The agency will issue draft guidelines in the next few weeks, the official told The New York Times.
Changes will include allowing the sale of medications that ease opioid cravings, even if they don't halt addiction.
In remarks Saturday to the National Governors Association, Health and Human Services Secretary Alex M. Azar II said the FDA intended "to correct a misconception that patients must achieve total abstinence in order for MAT (medication-assisted therapy) to be considered effective," The Times reported.
In 2016, there were nearly 64,000 opioid overdose deaths in the U.S., including from prescription painkillers and heroin.
Federal data shows that only one-third of specialty substance abuse treatment programs offer medication-assisted treatment, Azar noted.
"We want to raise that number -- in fact, it will be nigh impossible to turn the tide on this epidemic without doing so," he said, The Times reported.

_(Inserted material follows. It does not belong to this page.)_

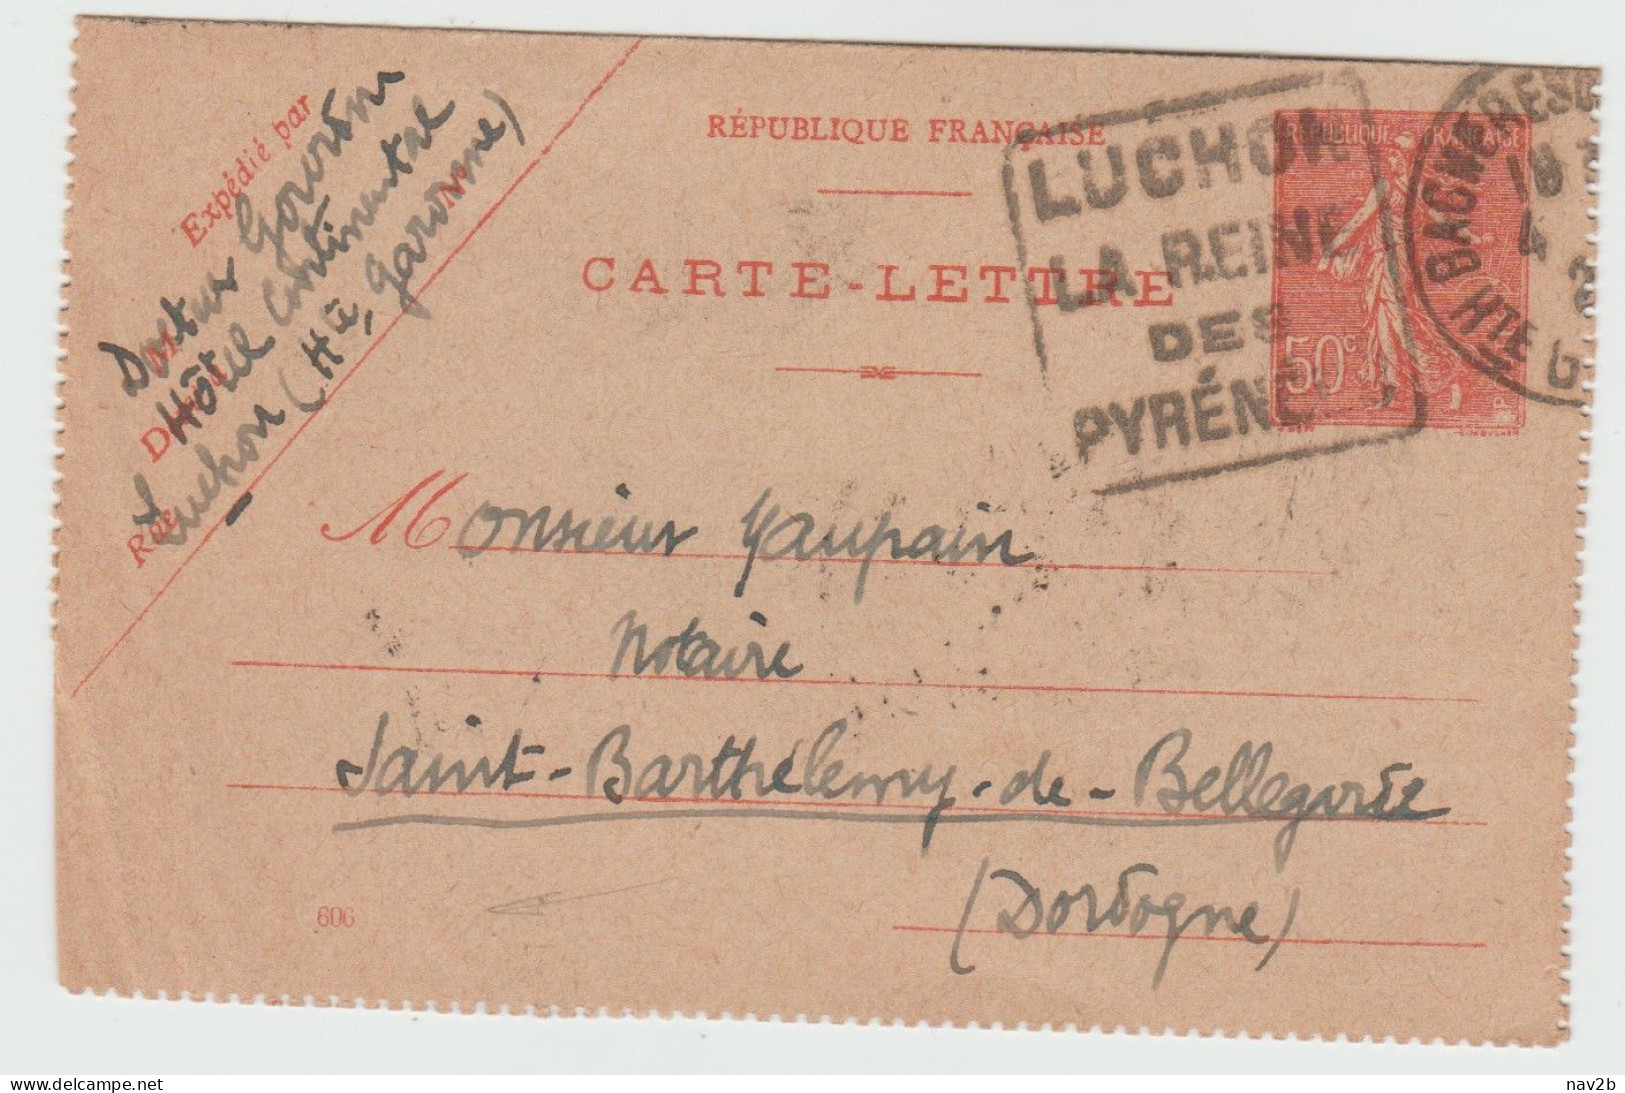 Carte Lettre Semeuse 50cts .  Oblitération Daguin Luchon . Cachet Arrivée De St Barthelemy De Bellegarde . 1929 - Cartes-lettres
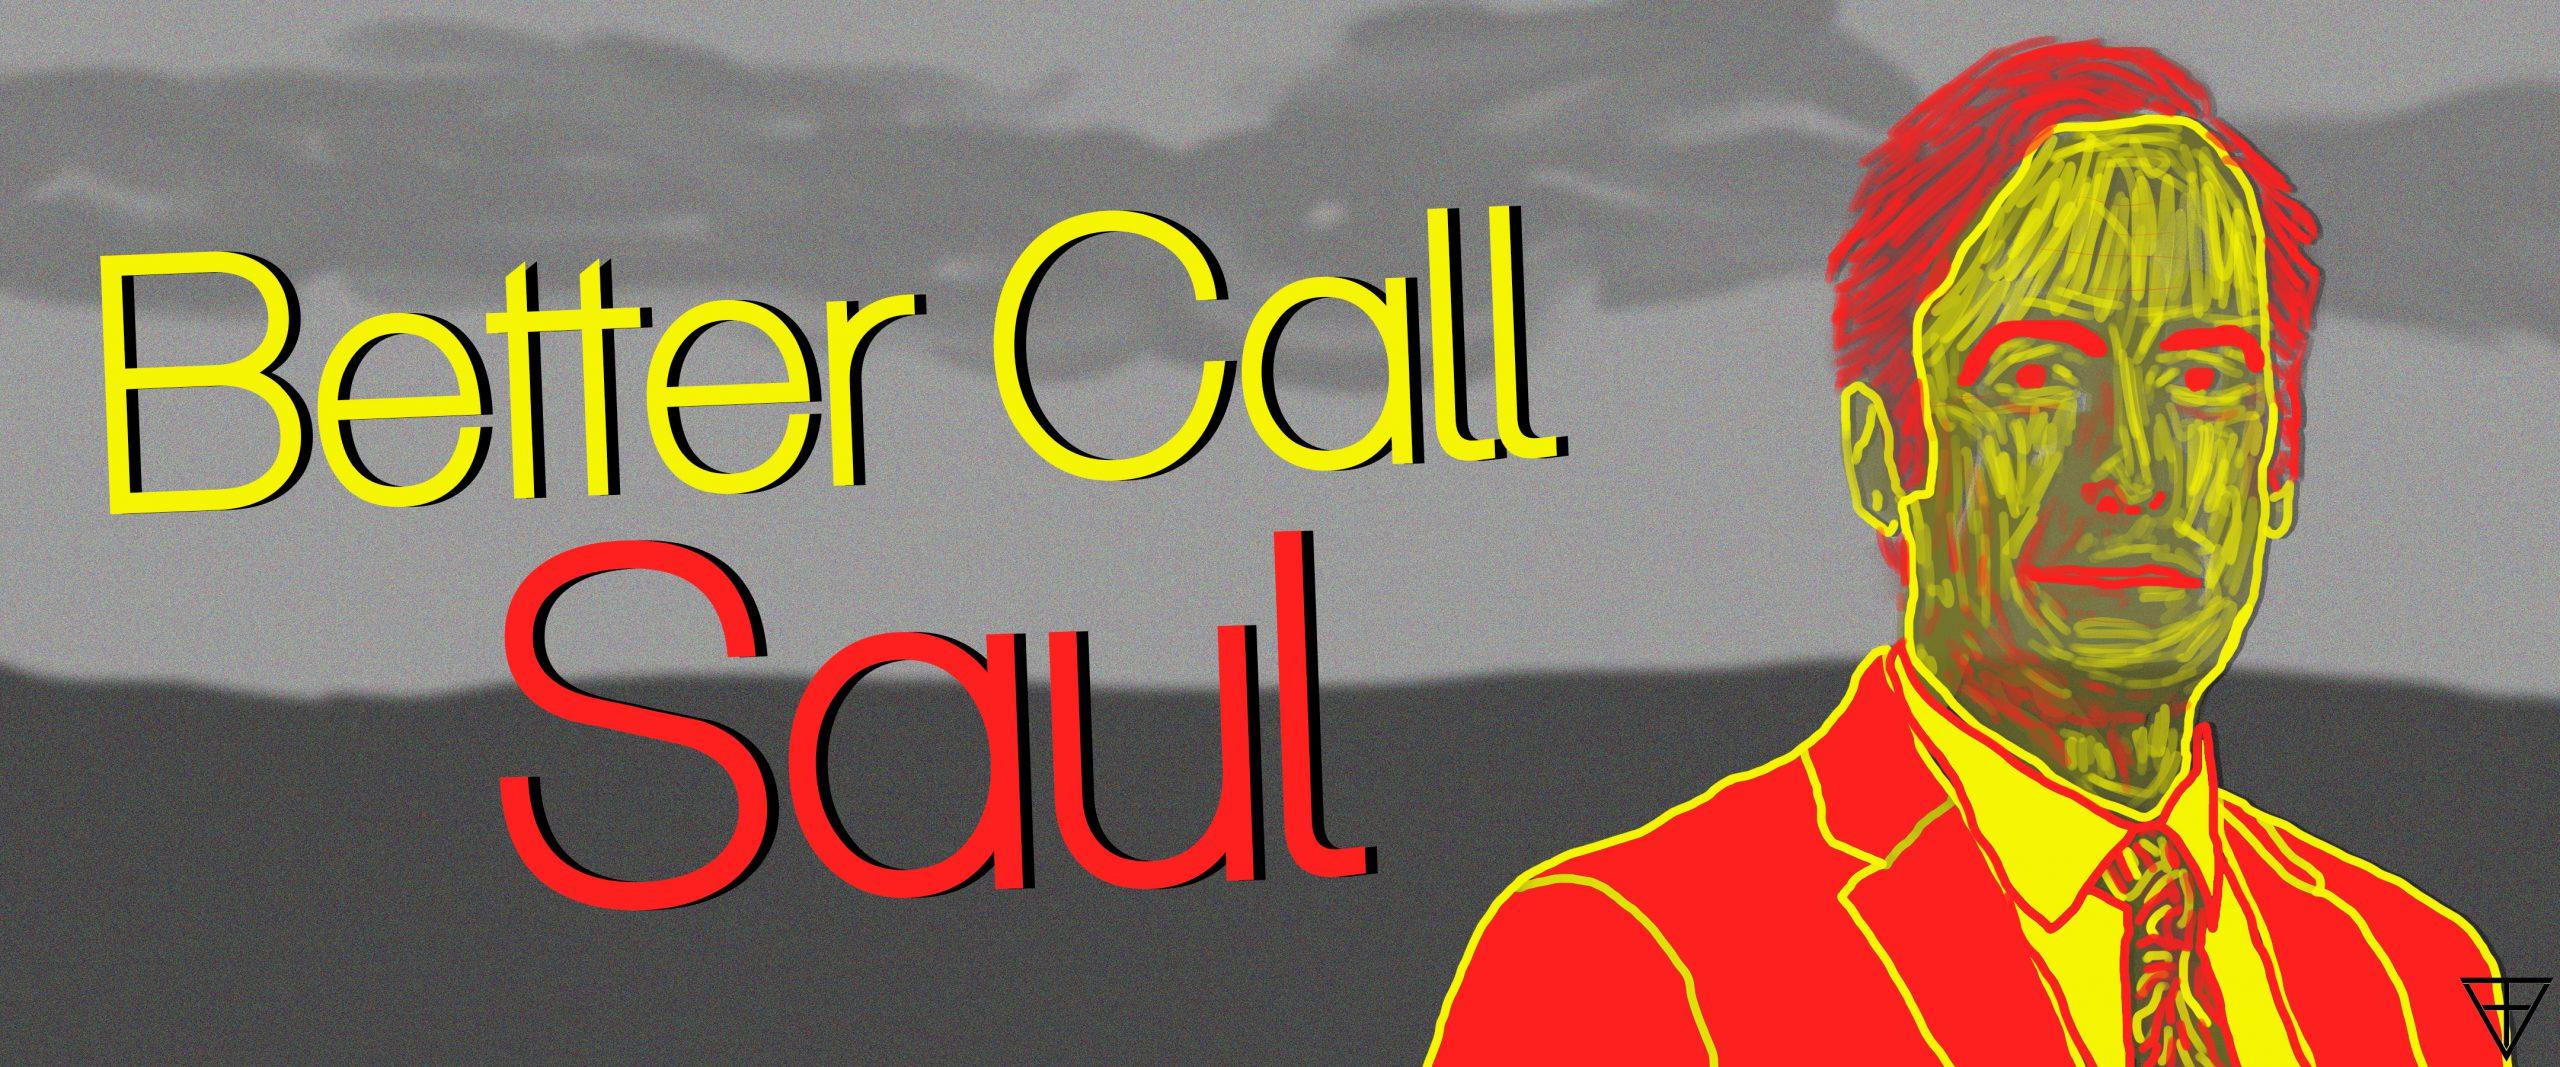 Better Call Saul 5

Currently, there are three FDA-approved drugs for opioid treatment: buprenorphine (brand name Suboxone); methadone; and naltrexone (brand name Vivitrol). These drugs are safe and effective when combined with counseling and other support, according to the agency.
But the FDA plans to publish new recommendations for drugmakers on the issue, The Times reported.
One will promote the development of new, longer-acting forms of existing drugs for opioid treatment, and the other says new drugs that don't stop opioid addiction but help ease it will be eligible for FDA approval.